In TCA Television Corp., the author of the play Hand of God had been sued by the heirs of Abbot and Costello over the use of their famous “Who’s on First” routine. The main character of the play recites the routine verbatim in the play with his trusty (but evil) sock puppet acting as sidekick. Judge Daniels from the SDNY had dismissed the copyright infringement suit, finding the use of the routine in the play to be fair use. The Second Circuit affirmed, but on alternative grounds: the use of the routine was not transformative enough to be fair use, but the heirs had not proven that they owned the copyright in the routine.
Attorneys for Prince sent their own letter a few days later, where they argued that the holding in TCA Television is distinguishable from the case, that the TCA Television case is not even related to fair use and that thus “the entire discussion of fair use is dicta.” They also argue that the Second Circuit did not find the use of the routine to be fair because, according to the Court, “the extent of defendants’ taking is identically comedic to that of the original authors, that is, to have two performers expand on a singular joke in order to generate increasing audience laughter.”
Attorneys for Prince also argued in the letter, that, “[b]y contrast, Prince used Graham’s photograph for a highly transformative purpose: as a commentary on social media. This new meaning and message is apparent to any reasonable observer who looks at the artwork. “Prince’s attorneys also argued that “Prince’s transformative purpose [was] to provide a commentary on social media [and thus] required the incorporation of the entire Instagram post… to accomplish that purpose. “
Is the use of the McNatt Photograph Transformative Enough to be Fair Use?

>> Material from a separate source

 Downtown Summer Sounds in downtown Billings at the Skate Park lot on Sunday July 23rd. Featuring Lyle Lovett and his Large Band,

What is transformative use? We still do not have a “so transformative it is fair use” test. However, the TCA Television case may influence the McNatt v. Prince case. If we consider that Prince’s purpose for reproducing Eric McNatt’s photograph of Kim Gordon was to comment on social media, as claimed by Prince’s attorneys in the Graham v. Prince case, then it is fair use under Cariou if Prince added something materially new or provided a different aesthetic. The Second Circuit had found in Cariou v. Prince that Prince’s use of Cariou’s photographs was fair use, because he had used them to create new works and had “employ[ed] new aesthetics with creative and communicative results distinct from Cariou.”

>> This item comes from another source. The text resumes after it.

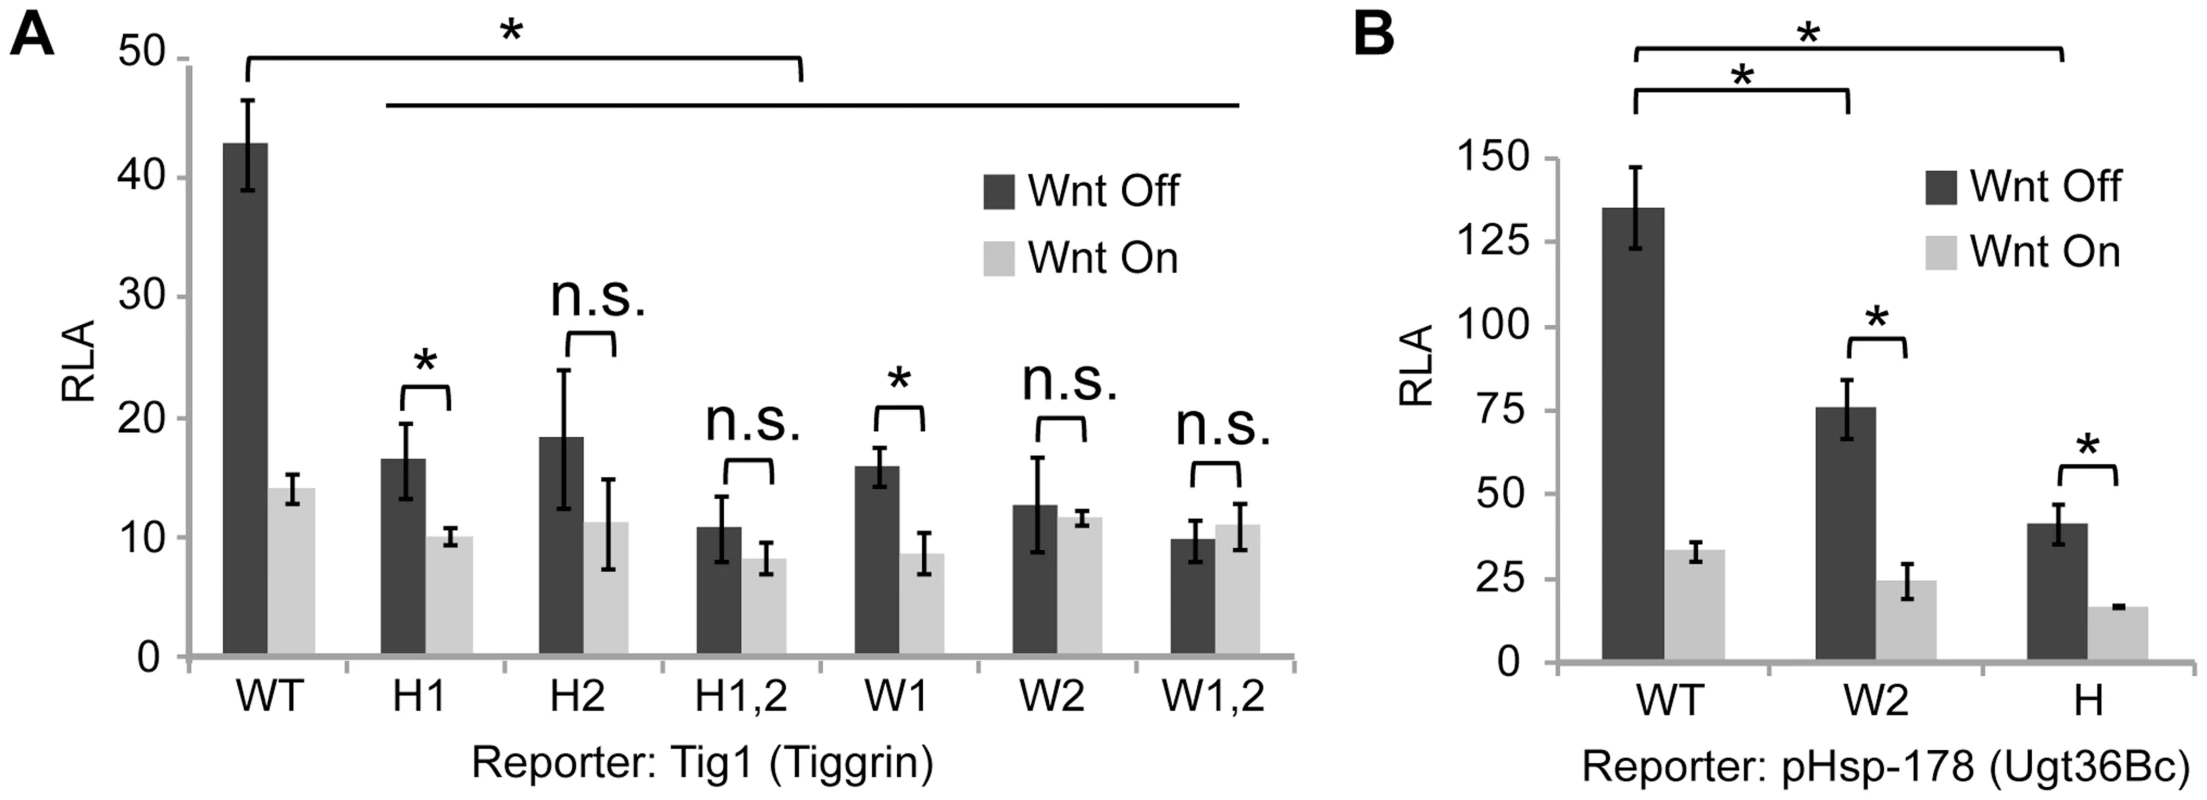 r-Helper and WGAWAW sites are required for Wnt-regulation of <i>Tig</i> and <i>Ugt36Bc</i> W-CRM reporters.

Judge Daniels from the SDNY had found in TCA Television that the use of the routine was fair use, explaining that “[t]he contrast between Jason's seemingly soft-spoken personality and the actual outrageousness of his inner nature, which he expresses through the sock puppet, is, among other things, a darkly comedic critique of the social norms governing a small town in the Bible Belt. Thus, Defendants' use of part of the Routine is not an attempt to usurp plaintiffs’ material in order to "avoid the drudgery in working up something fresh." Campbell, 510 U.S. at 580, 114 S.Ct. 1164. Nor is the original performance of the [r]outine "merely repackaged or republished." Authors Guild, Inc. v. HathiTrust, 755 F.3d 87, 97 (2d Cir.2014).”

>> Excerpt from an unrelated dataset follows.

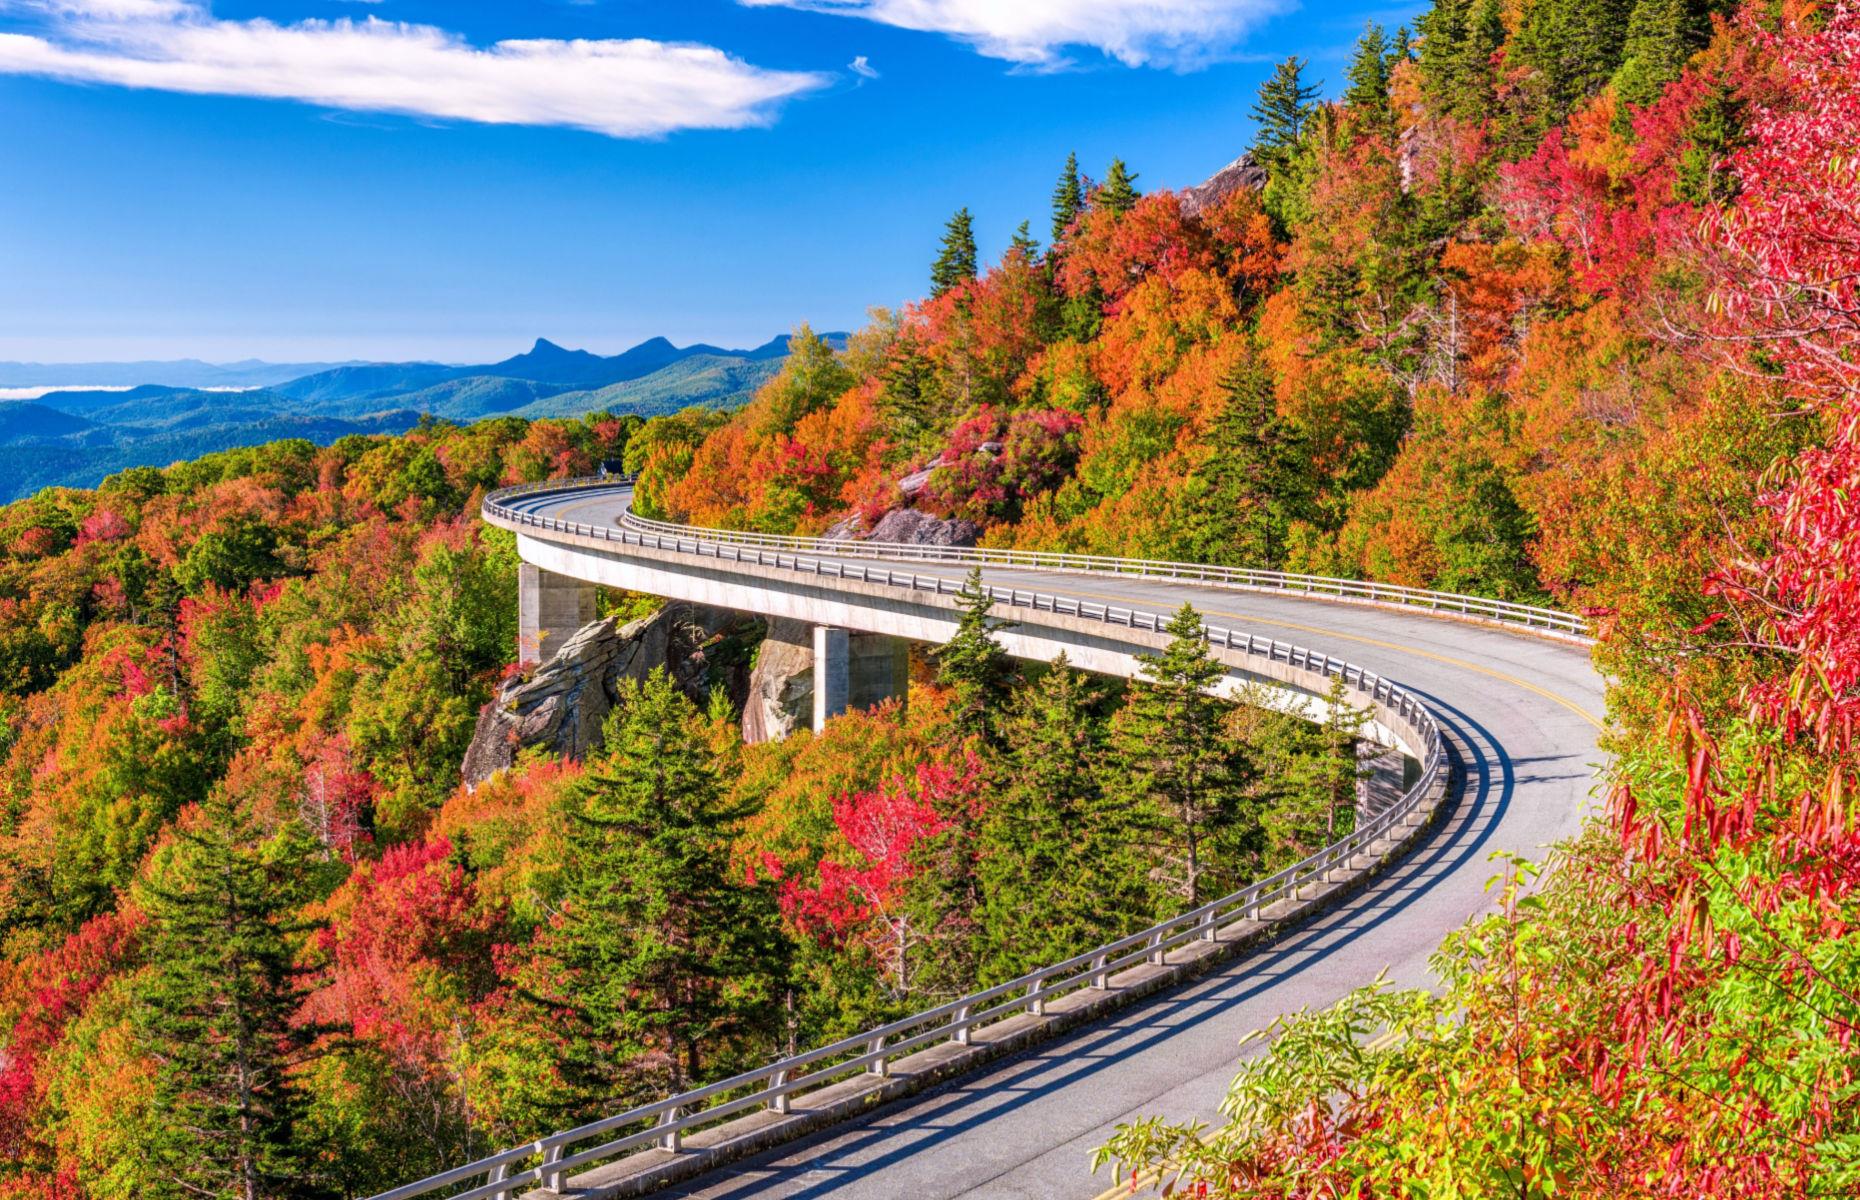 <p>Another classic road trip route, <a href="https://www.blueridgeparkway.org/">Blue Ridge Parkway</a> is embarrassingly rich in natural beauty and wonders. Spanning two states and around 470 miles (756km), it’s easily doable over a week even with all the stops you’re bound to make, because the road, which sprawls from Virginia’s Shenandoah National Park to the Great Smoky Mountains National Park, offers plenty to see and do. It’s also easy to follow, which means fewer opportunities to get lost and, in turn, fewer arguments.</p>

The Second Circuit found that the use was not fair because it had not transformed the routine's aesthetic, it had appropriated the routine extensively, and “[n]o new dramatic purpose was served by so much copying” and “there is nothing transformative about using an original work in the manner it was made to be used.”
If we apply this to our case, then Prince must prove that he used the original work in a different manner than it was made to be used. Should we only look at the comments written by Prince to decide if the use is transformative enough to be fair, or at the ensemble, work and comments? In both ways, the Prince’s work could be considered fair use if proven to be a critique on the desperate banality of social media and social media comments. But is it?
As noted by the Complaint, “Kool Thang You Make My Heart Sang You make Everythang Groovy” is “a transliteration of lyrics to the 1960 song “Wild Thing,”written by Chip Taylor, except that the word “Kool” replaces the word “Wild.” “Kool Thing” is the title of Sonic Youths first major label record single.” As itself, this comment may not be original enough to be protected by copyright yet it is more creative than most social media comments. The emojis chosen by Prince, however, are quite banal and so their banality may comment on banality. Pass the aspirin.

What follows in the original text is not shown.